The archbishop said the visit to Iqrit was “very moving” and “symbolic.”

“[Iqrit] just brings home to me again that in many ways the Israelis and the citizens of Israel who are not Jewish are living in two parallel worlds and they just don’t seem to be able to meet and understand other’s points of view,” Brislin said.

The archbishop said despite this, the people of the village still have hope, and “are quite committed to continue the struggle for their right to return.”

Ashkar told Crux they continue to lobby the Israeli government, as well as work through the Israeli courts.

Some might question why the people of Iqrit continue their decades-long quest: After all most of the original villagers have died, and their descendants are now living in nearby villages with families of their own.
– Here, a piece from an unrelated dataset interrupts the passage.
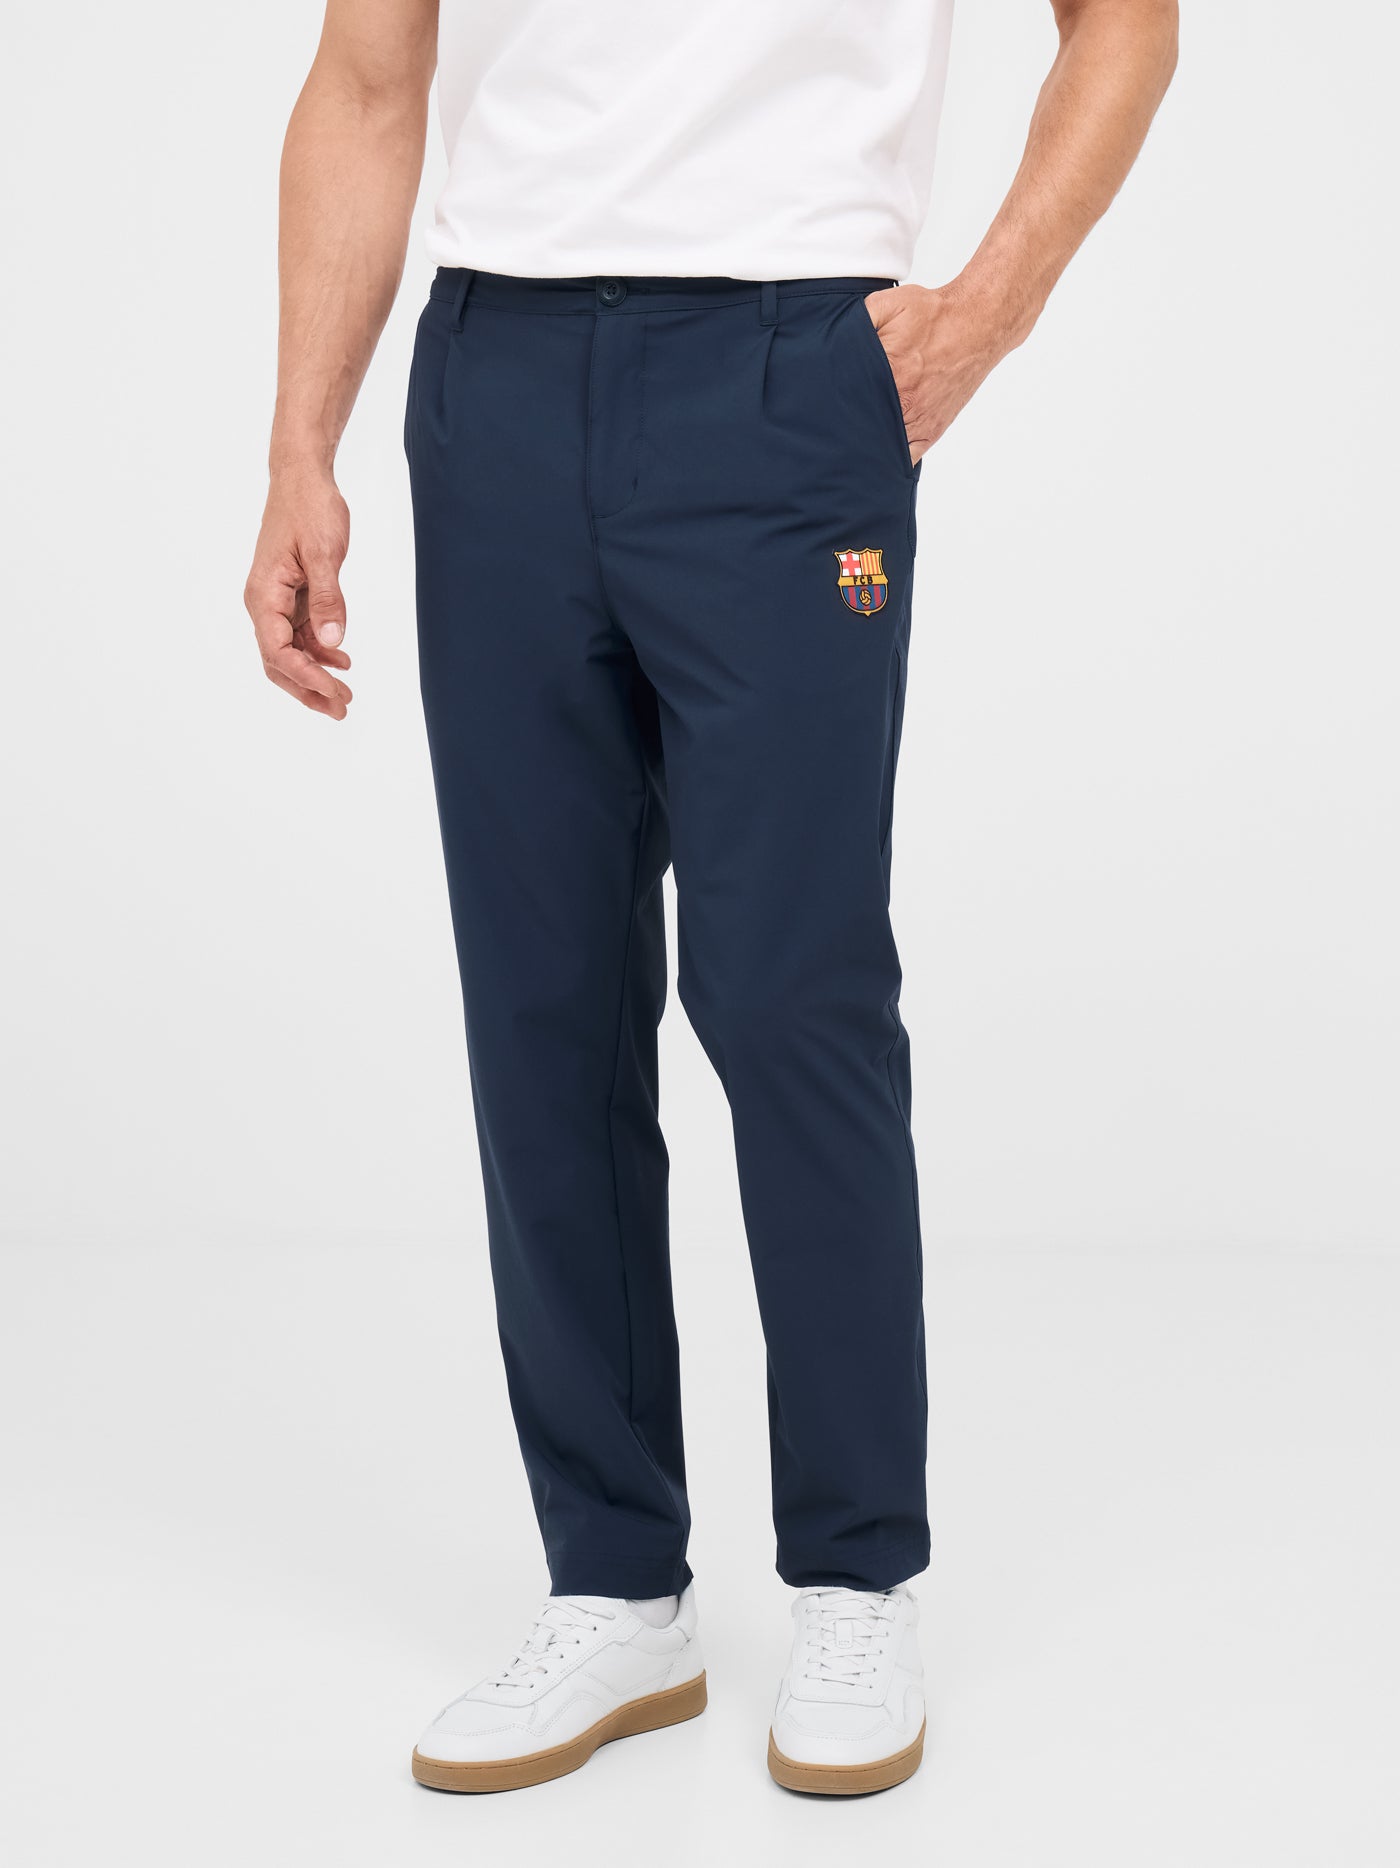 Barça navy blue pants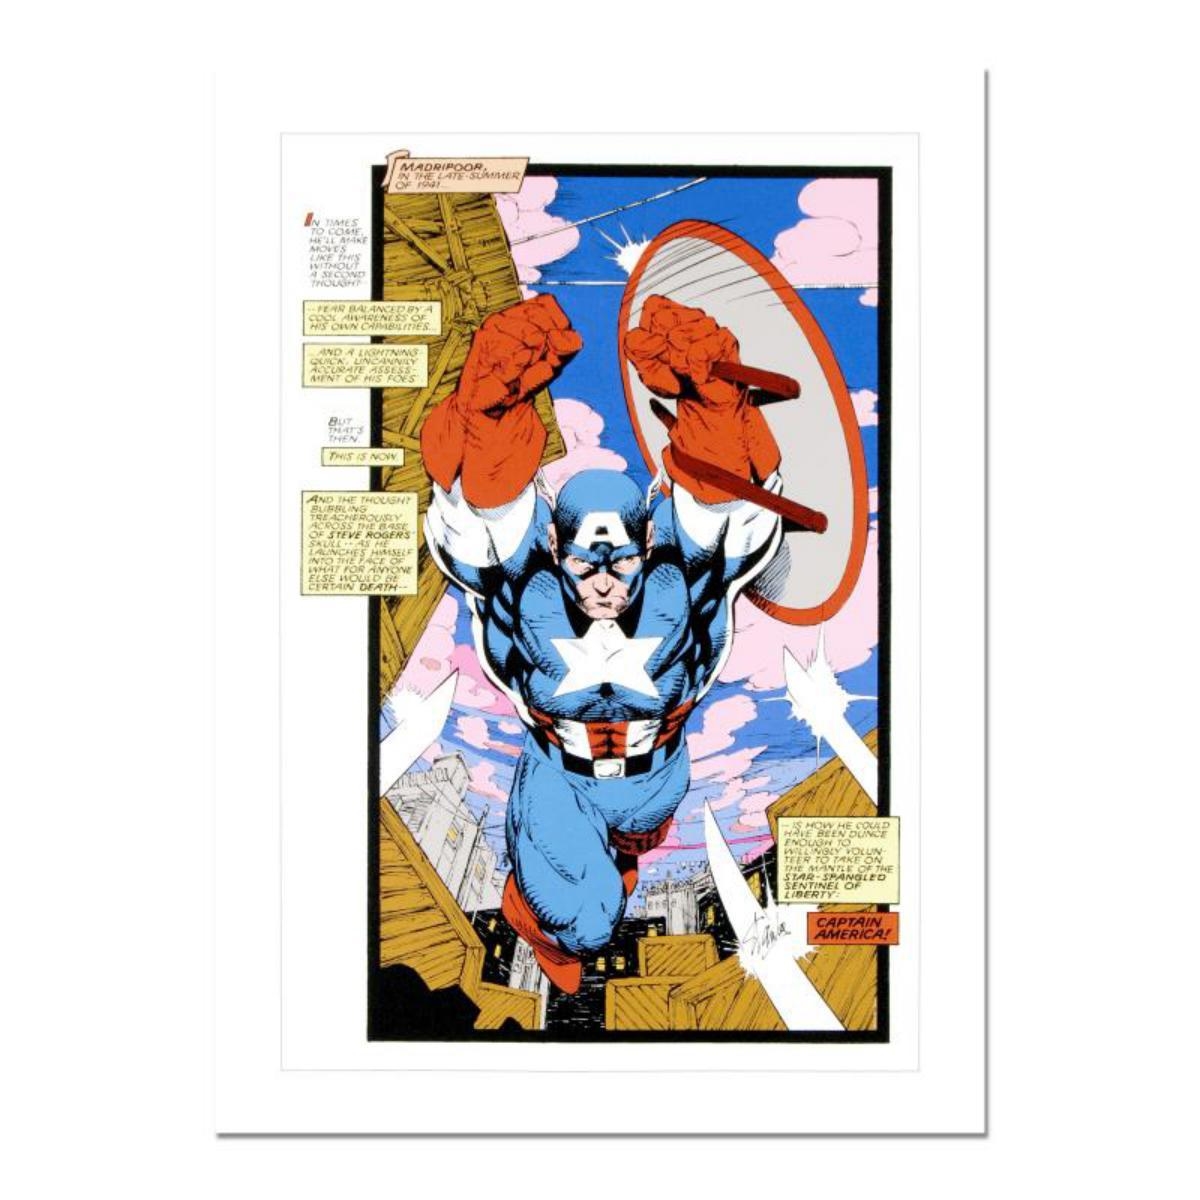 Captain America, Sentinel: Uncanny X-Men #268 by Jim Lee

But Ashkar said only Iqrit is home.

“Why do we still insist we return? Because families, our fathers and our grandfather are buried here. If you have a grave in the field, you cannot leave it,” he said.

“Iqrit still lives in the heart of everyone from the community. All of our spiritual events – weddings, prayers, Christmas events, Easter events – we are praying in our church in Iqrit. When someone dies, we bury them in Iqrit. The only way we can return to our land is in our coffin,” he continued.

“It is part of us, and the place is empty waiting for us,” Ashkar said.